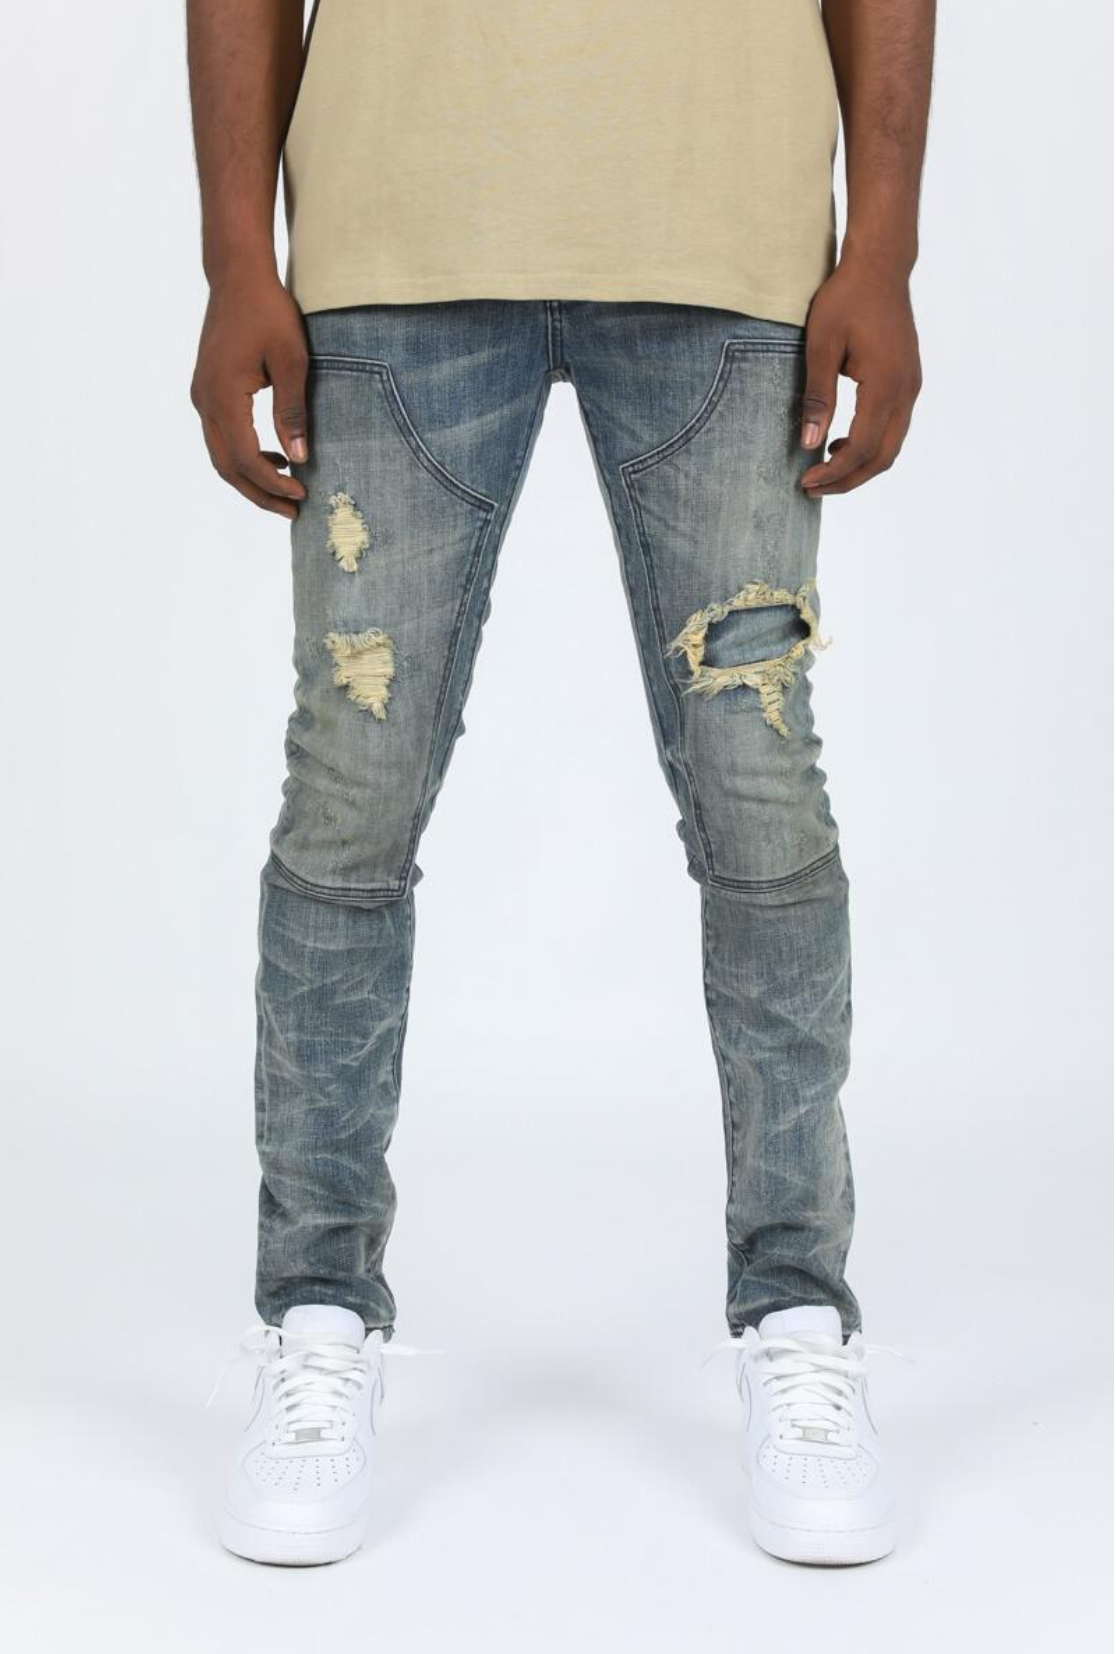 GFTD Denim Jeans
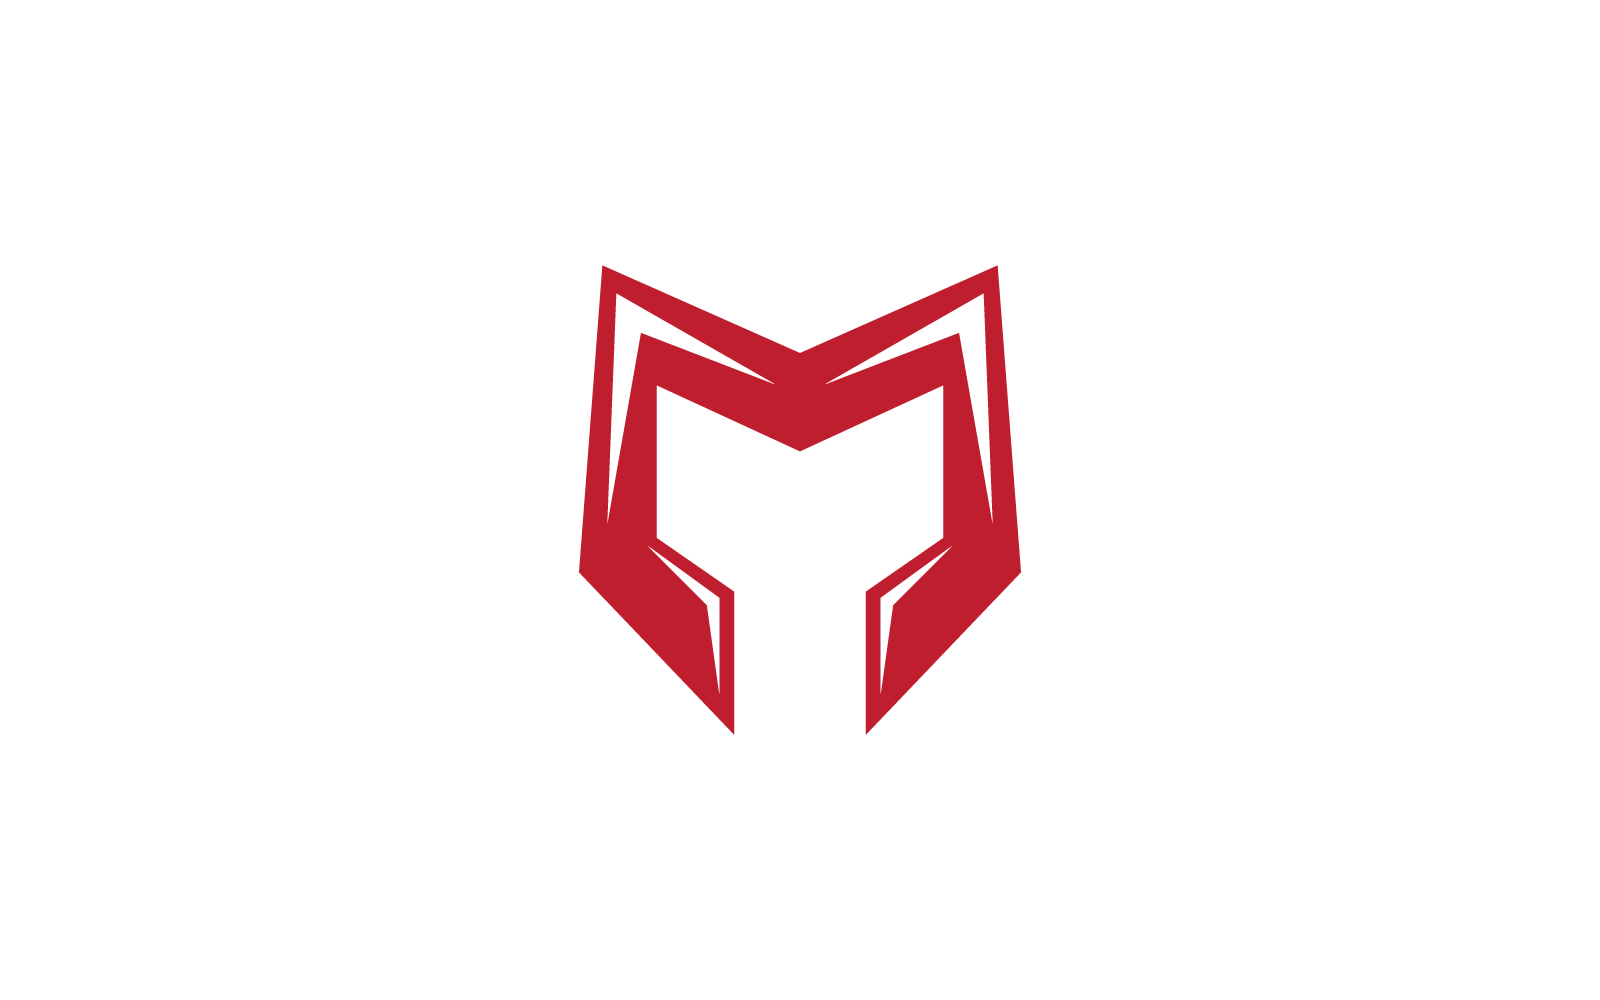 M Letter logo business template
......
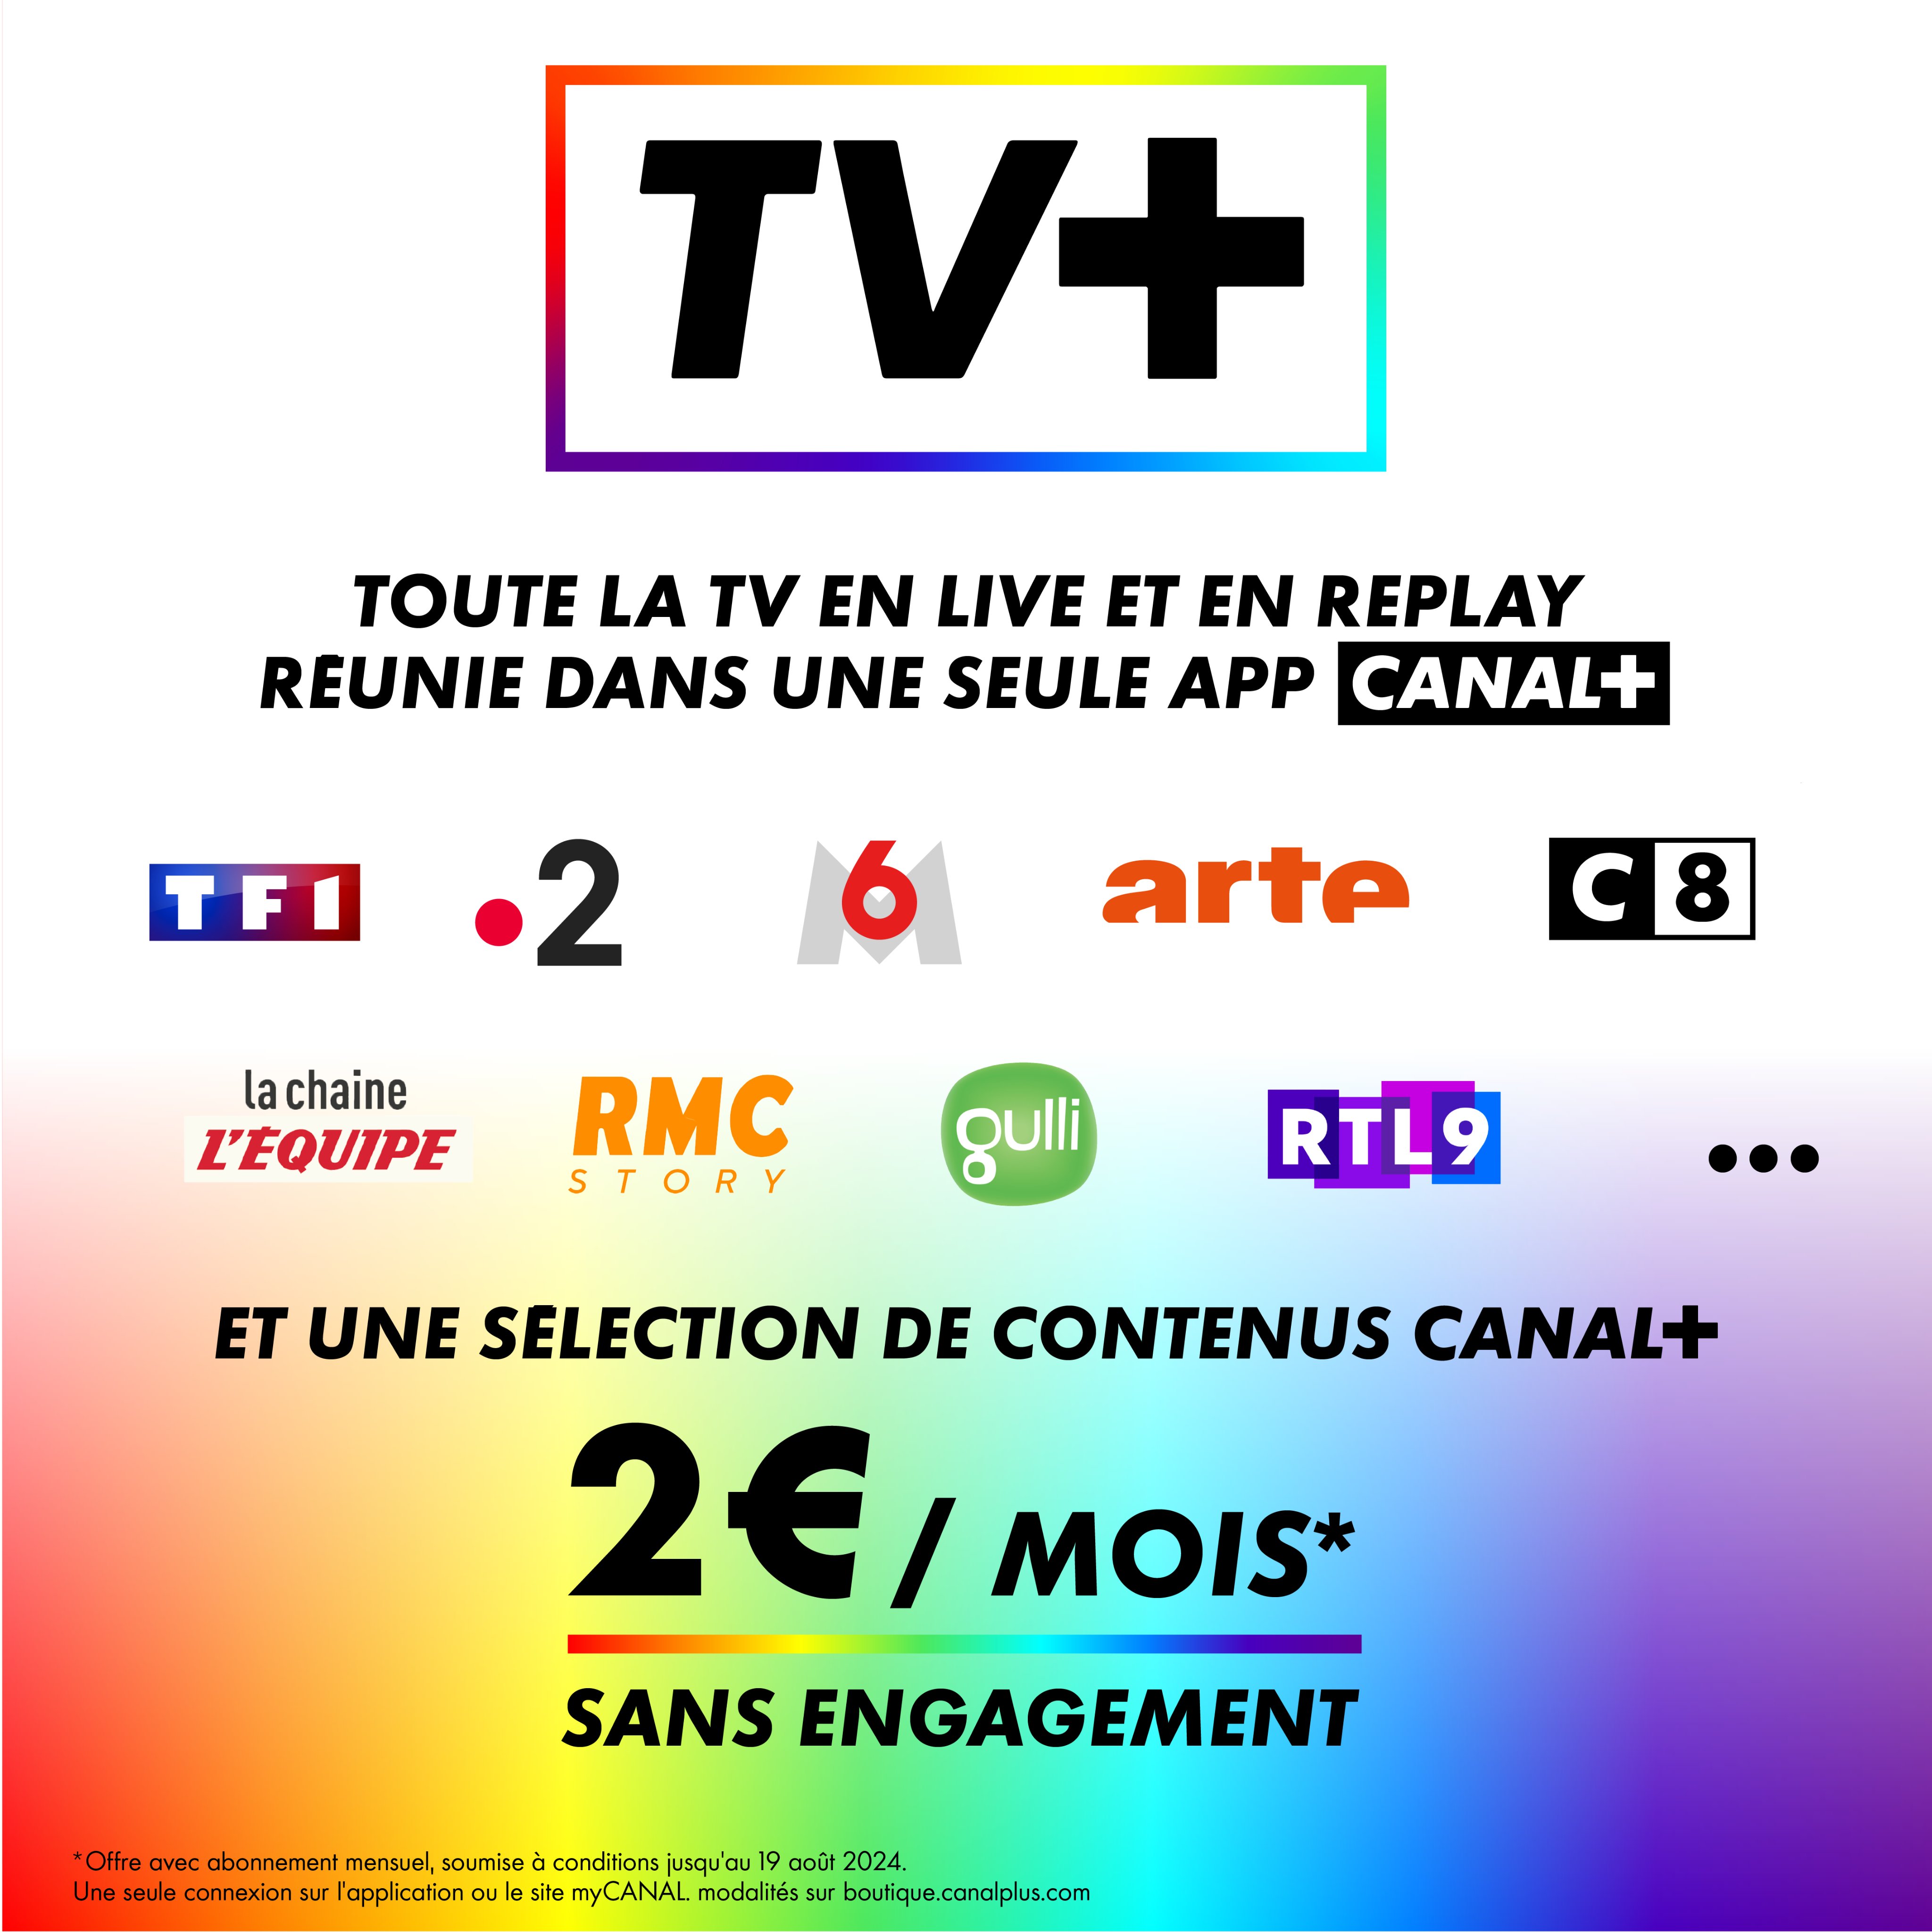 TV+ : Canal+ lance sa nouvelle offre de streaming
......
• _YOUR OBJECTIVE_:
Would you set down only the lines above from the line with "GFTD Denim Jeans" to the line with "M Letter logo business template", both included, exactly as they stand and without the pictures?

• _TASK OUTPUT_:
 GFTD Denim Jeans
 M Letter logo business template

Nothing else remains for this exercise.